Landscapes of Healing and Sanctuary
According to Jacques Lacan, a French psychoanalyst, madness is inextricably linked to society. Within this theory constructed by a white male, it refers to trauma as an external force coming from society. In the lives of women of color, society-linked madness is translated as trauma inflicted by institutionalized racism. The way that women create enclaves of healing is by making their own sanctuaries. Sanctuary is defined as a consecrated place of refuge, protection and immunity from outside influences. Elsa Muñoz, Oletha Devane and Renée Stout render sanctuaries of their own through making images that honor the spiritual practices of women of color to heal from the ills of society.
This concept is, most notably, shown in the work of Muñoz. Her artwork conveys healing through storytelling of her mother, accessing “Somatic Healing” and “Ecopsychology.” Essentially, somatic healing is a release from the body evoking healing, and ecopsychology is the practice of turning to the land for healing. Muñoz demonstrates this in Controlled Burn 14 by referencing the indigenous practice of starting fires as a natural and cleansing force.
As part of the spirituality of Mexican folk medicine, she presents a way of curing that is practiced through interaction with the land. This adds to the theme of healing by showing that women create their own sanctuaries both within and external to them and transfer medicinal powers through touch and storytelling.
Oletha Devane quite literally creates sanctuaries of found objects. This bricolage practice combines African diasporic religiosity into powerful sculptures. In Artistically Speaking, her work is noted as possessing healing because of the past lives and energy within the objects. This mimics the stance of the other artists that Black women heal from within, but Devane discusses this through an object-based approach.
In Sanctuary, she plays with the concept of refuge with mirrors which represent reflection, keys which represent possibility and to the viewer indicate access and unlocking, the black apple which represents the Black body, and bullet casings, at the border of it, which represent Black death through violence. Through her coding and symbolic depiction, she illustrates the path of healing from violence to the Black body through material culture and creating our own sanctuaries.

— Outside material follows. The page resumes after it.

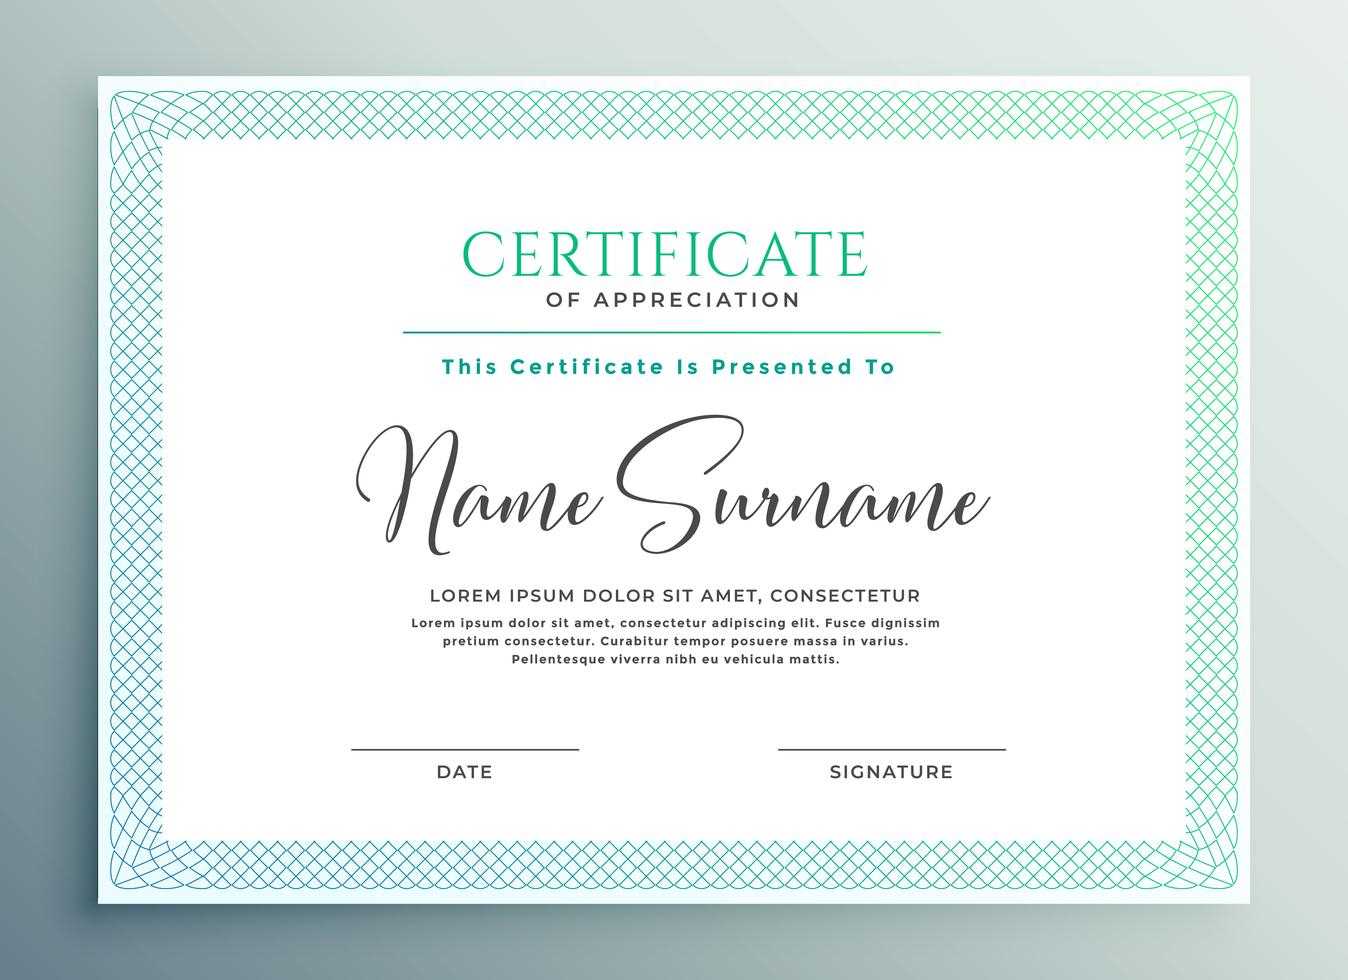 30+ Certificate Of Appreciation Download!! | Templates Study With Volunteer Award Certificate Template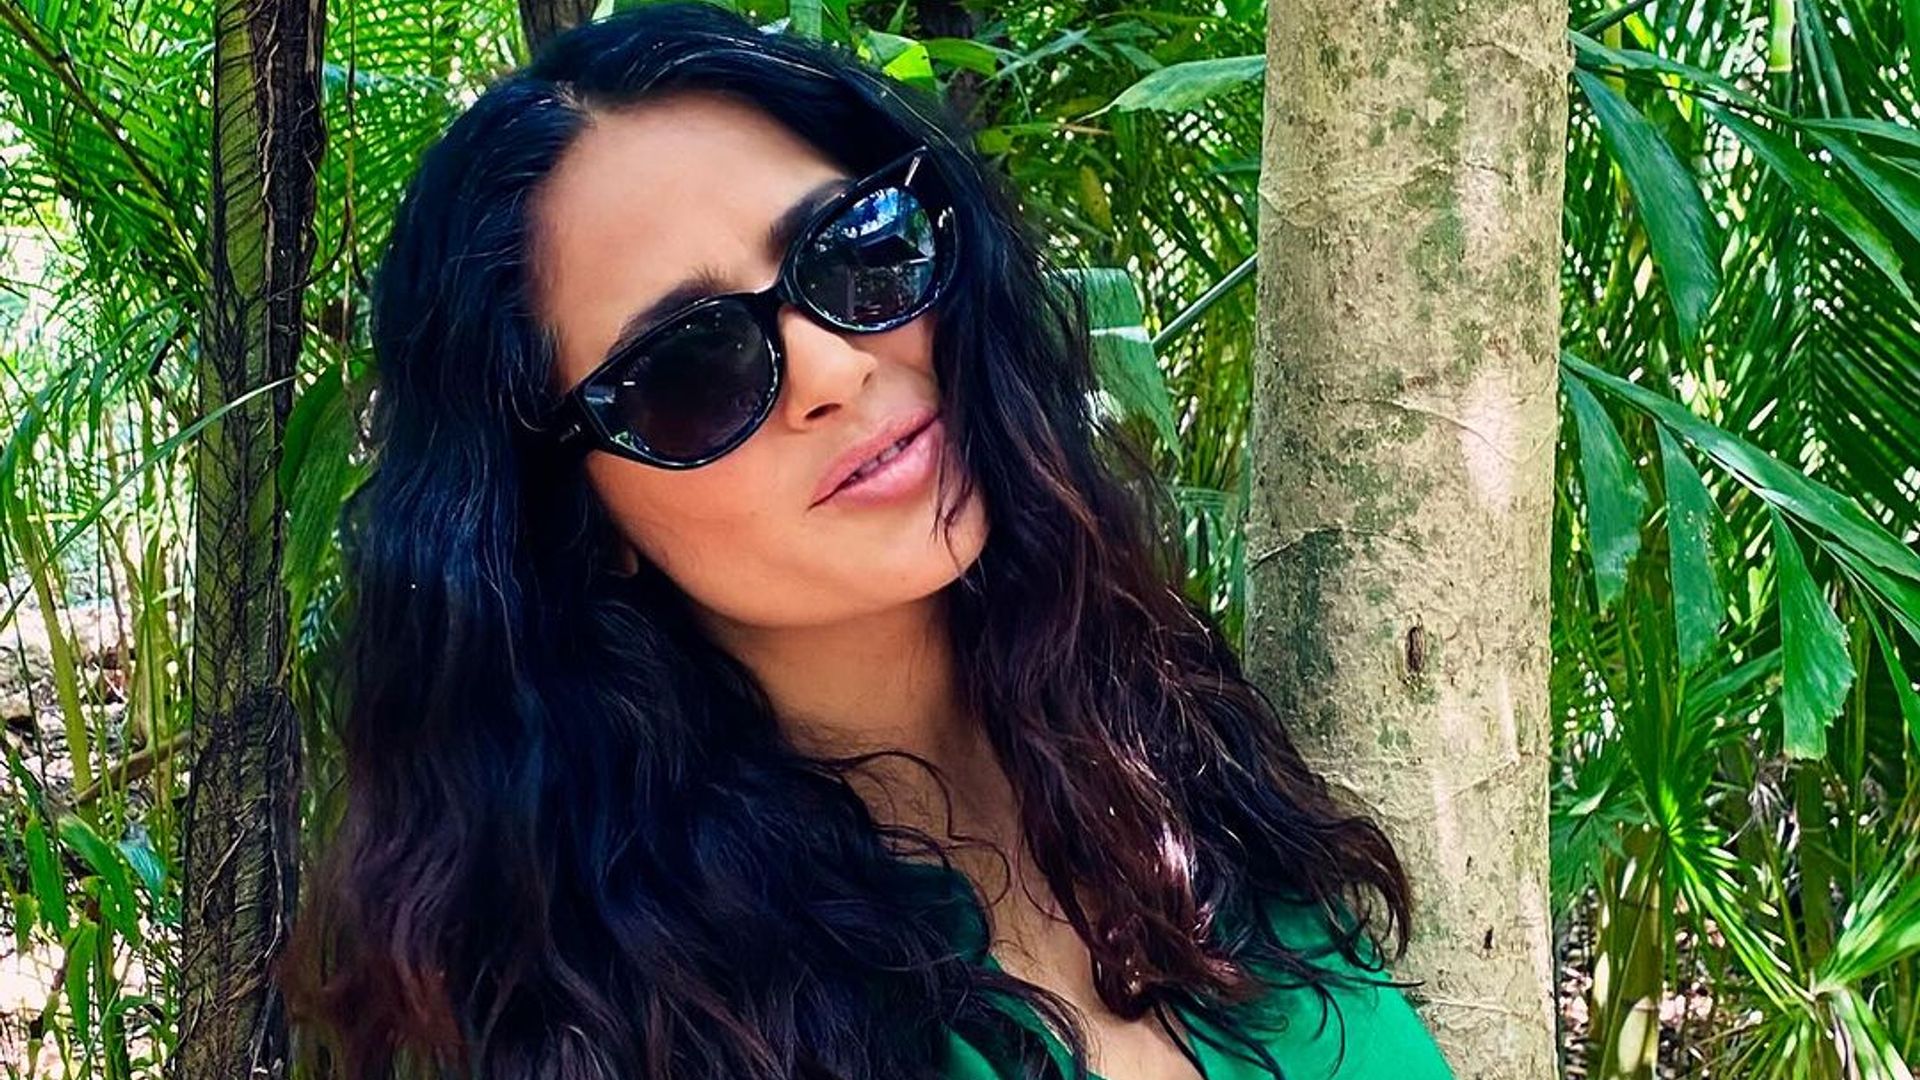 Salma Hayek hugs a tree as she joins the celebrities honoring Earth Day

In the same vein, Renée Stout cultivates timeless depictions of the concept of sanctuary. She uses contemporary neon lights and objects that represent African indigenous religions in I Can Heal, to showcase the healing practices of Black women throughout time. Not only is the title of this work a declaratory statement, but she shows how the “I” heals overtime by carrying past structures with them. There are many signifiers in this work such as the eye, the illumination of the lights, the bottles, and the figures. These all point to the clarity in hybrid ways of knowing and seer women who are able to navigate this world of spiritual and ancestral, of natural and physical. Overall, Stout articulates the sanctuary in the multiple ways of knowing within the African diaspora.
Benediction: No Weapon Formed Against Us Shall Prosper
The artwork of Women Heal Through Rite and Ritual celebrates the restorative techniques practiced by Black and Brown women in lieu of modern-day psychological practices. Talk therapy, Cognitive Behavioral Therapy, and prescribed medications either were not available to these women or failed them. Instead, they sought Afro-indigenous practices that grounded them in spirituality and medicinal practices.
These women masterfully access the nexus of escapism and confrontation in their practices. The knowledge that Black women possess through storytelling, diasporic connections, and the healing within our being assures that no weapon against us shall prosper. No force can extinguish us because our healing comes from within.